- Nationality: British
- Born: 6 October 1971 (age 54) Silsden, West Yorkshire

BriSCA Formula 1 Stock Cars career
- Debut season: 1987
- Car number: 515 (1 in 1998/1999, 2005/2006,2016/2017)
- Wins: 1126

Previous series
- 1983-1986: Ministox

= Frankie Wainman Jnr =

British Formula One stock car racer

Frankie Wainman Junior (born 6 October 1971) is a BriSCA Formula 1 Stock Cars racing driver, who races using the number 515. Wainman is a three-time BriSCA F1 World Champion, fourteen-time National Points Champion and nine-time British Champion along with many other titles.

== Early life ==

Wainman was brought up in the small town of Silsden, West Yorkshire. He is the son of former racer Frankie Wainman (racing number 212).

== Racing career ==
Wainman began racing at ten years old in Ministox and won a number of championships including the British Points Championship.
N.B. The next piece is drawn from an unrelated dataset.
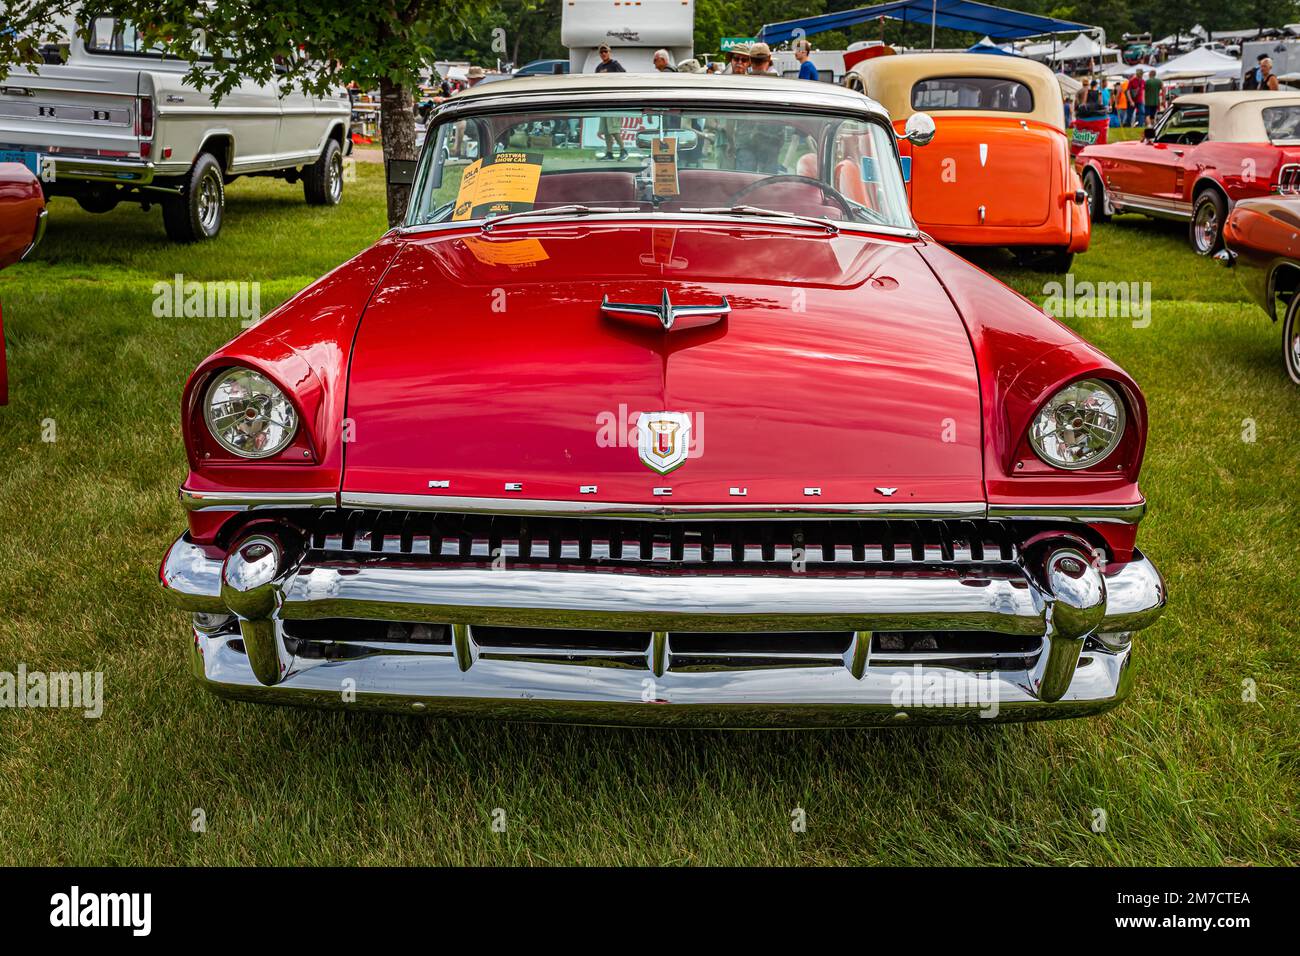 Iola, WI - July 07, 2022: High perspective front view of a 1955 Mercury Montclair Hardtop Coupe at a local car show. Stock Photo
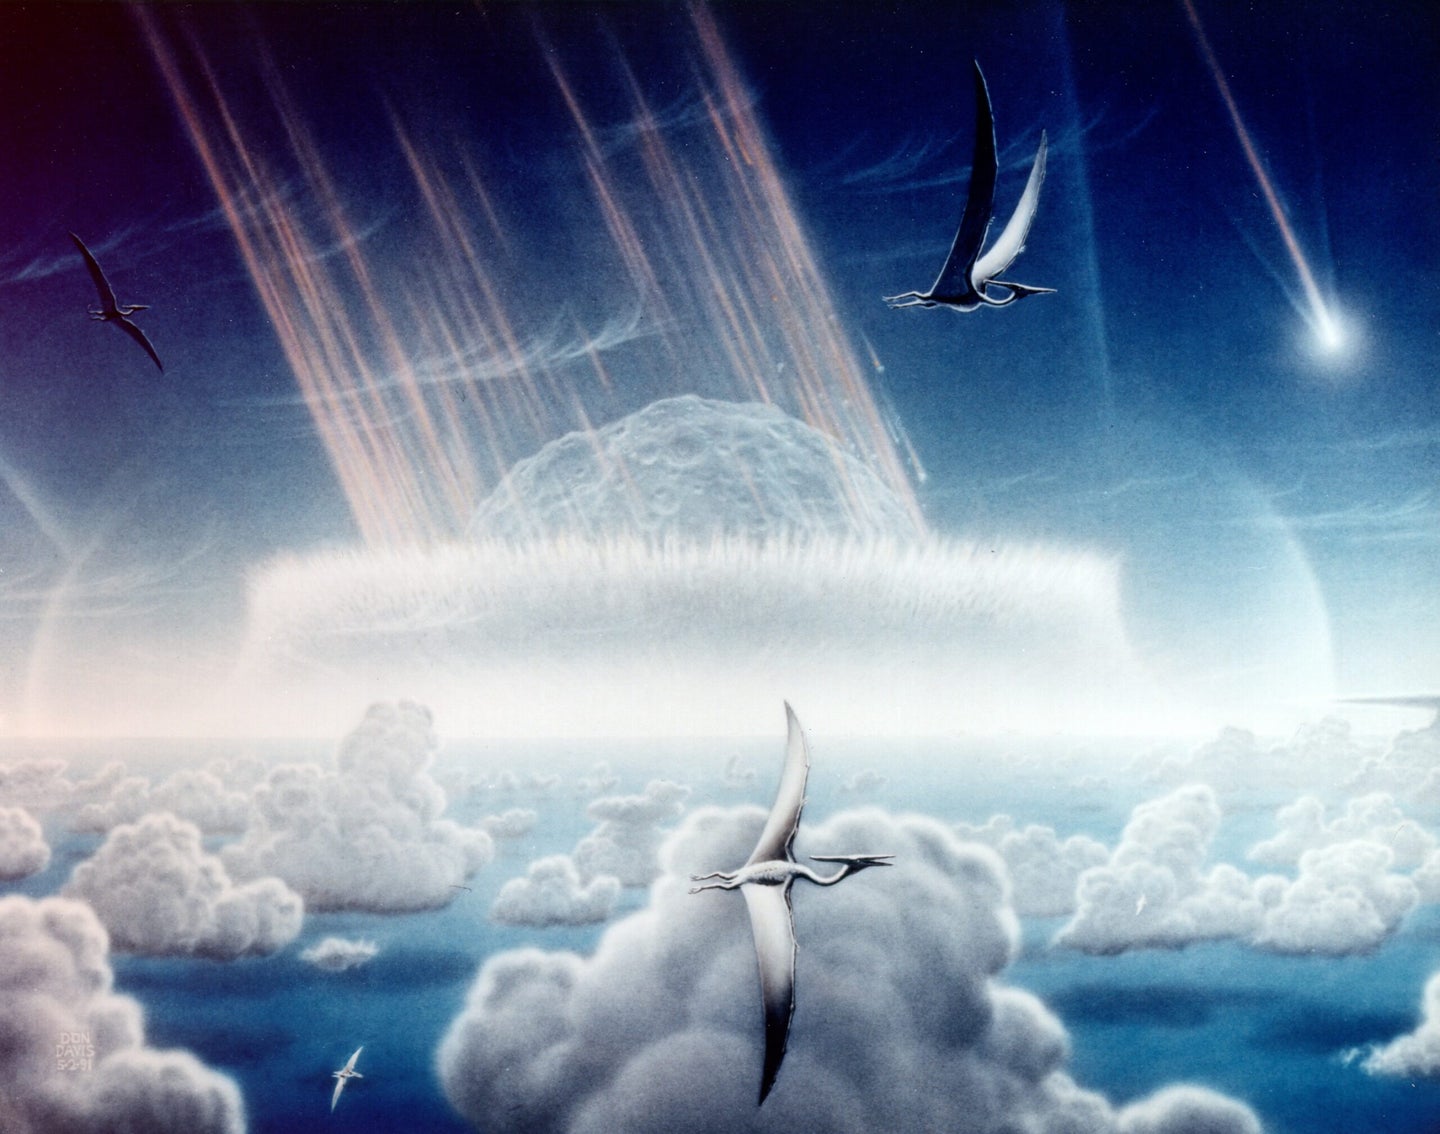 Asteroid that killed the dinosaurs striking Earth. Illustration.

At sixteen he made the switch to BriSCA F1 using a car he had built himself. After three weeks he won his first final, in November 1987. He has won three World Championships and fourteen National Points Championships, as well as many other championships. Wainman also builds stock cars for other drivers. In the Netherlands, Wainman has won the Long Track World Championship at Baarlo and World Cup at Venray.

In the UK 'off season' between January and March, Wainman travels to New Zealand to take part in their equivalent formula, Superstocks. In 1998 he won the World 240 Championship, and won two more in later years. As of 2013 he is the only driver to have won this title three times. He has built and raced his own car which he kept over in New Zealand but this was sold in 2014.
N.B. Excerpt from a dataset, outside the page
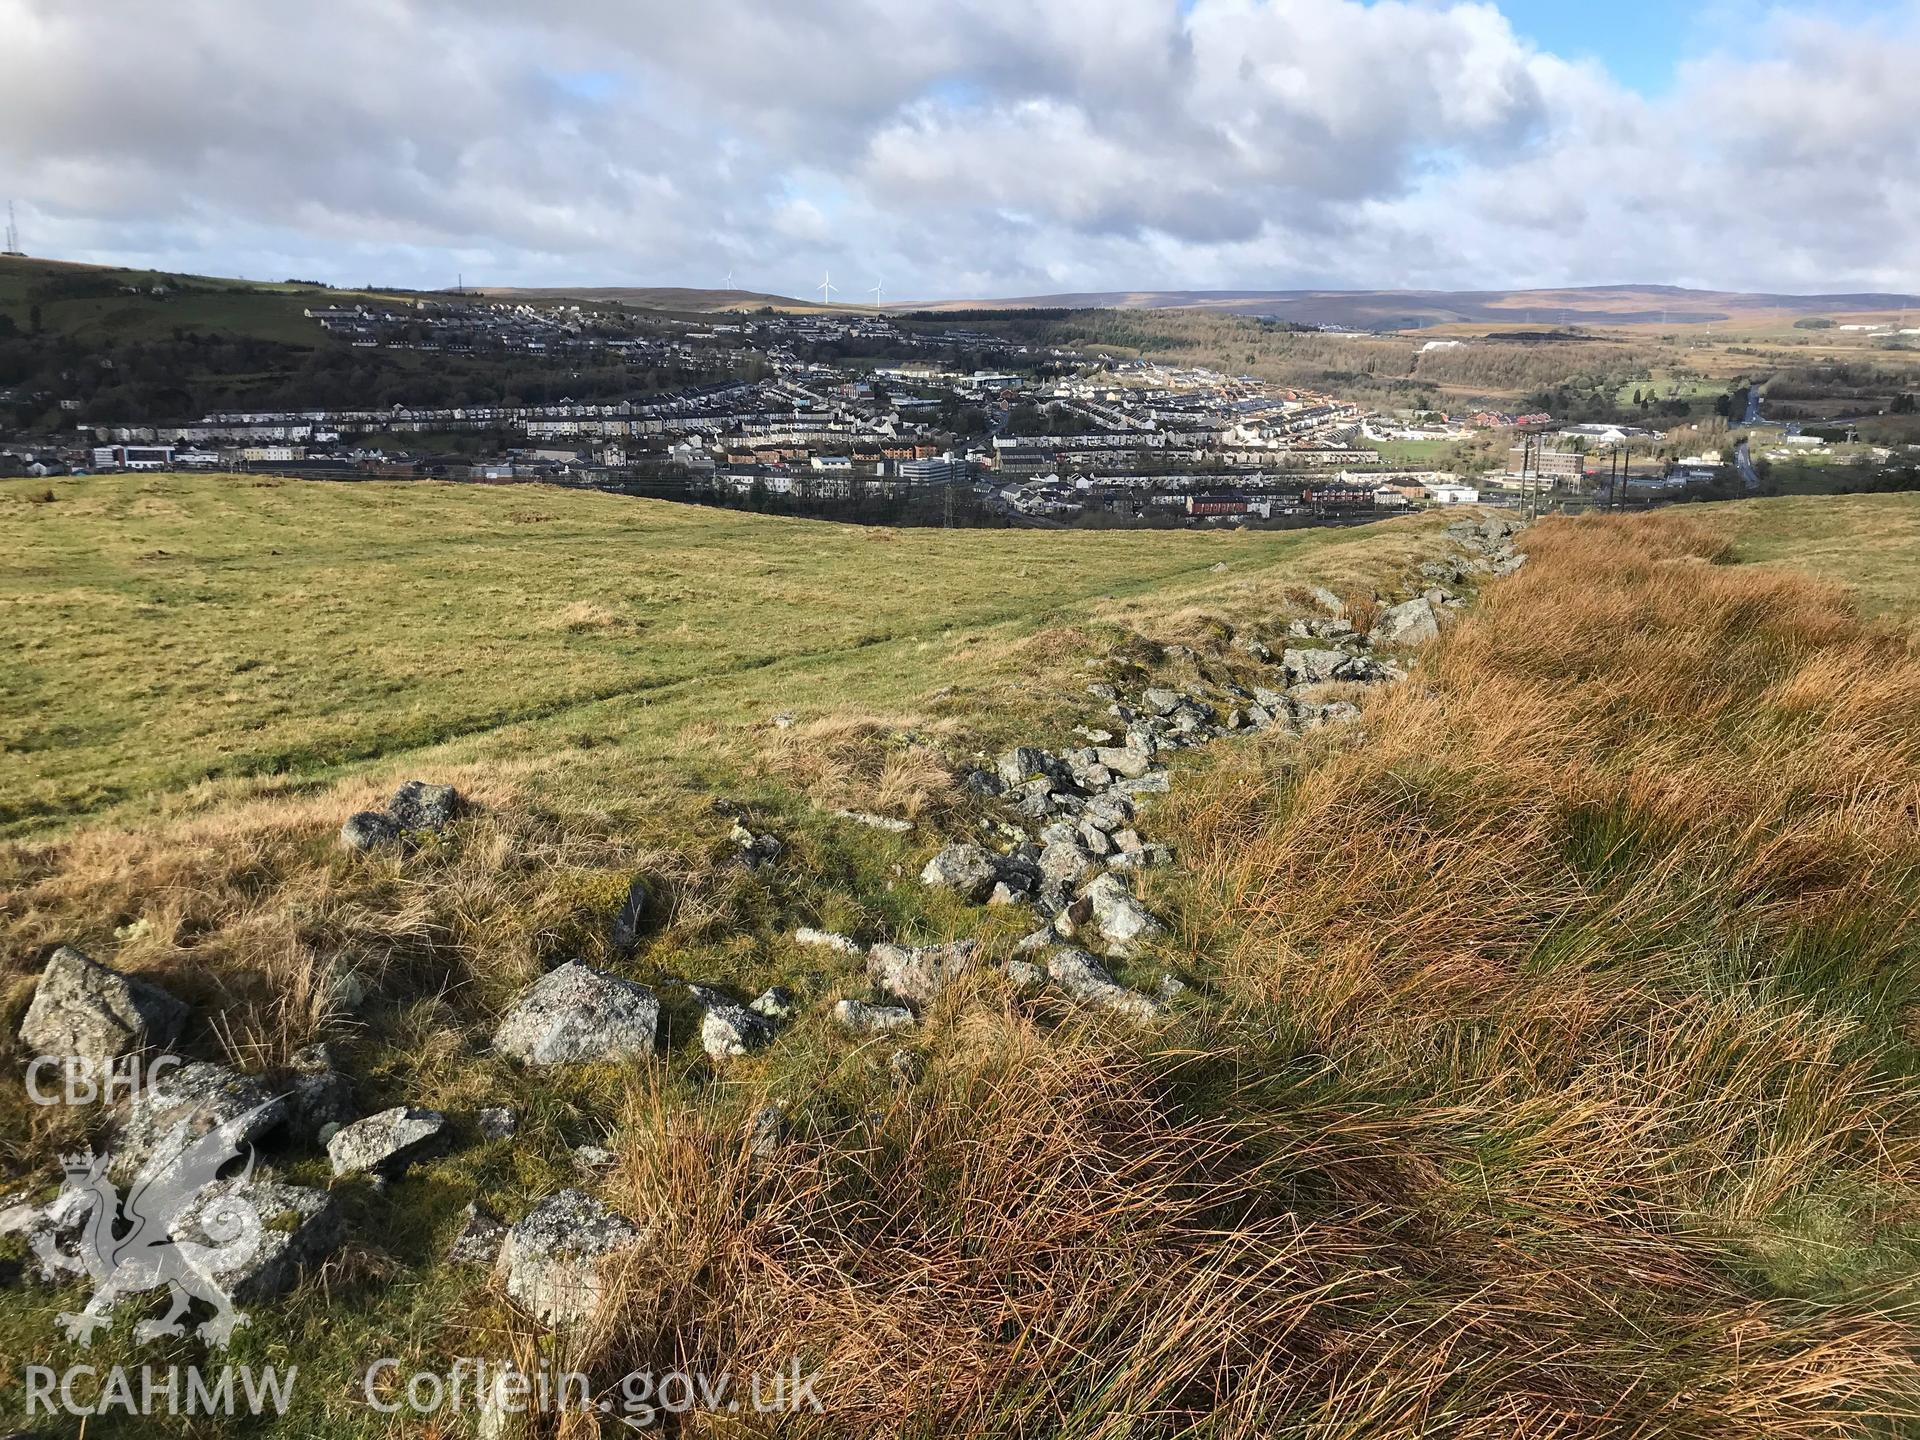 Colour photograph of boundary wall of house platform and field system at Bwlch y Garn, Ebbw Vale, taken by Paul R. Davis on 17th March 2019.

In 2007 Frankie had an almost career ending accident at Hednesford Hills Raceway.

Wainman and rival driver Andy Smith were the subject of a BBC documentary Gears and Tears which aired in 2010, being the stock car version of War of the Roses with Wainman from Silsden and Smith being from Rochdale. During the 1980s both of their fathers (Frankie Wainman and Stuart Smith) were in close battles week in and week out, the same as Frankie Junior and Andy were in the late 2000s and early 2010s.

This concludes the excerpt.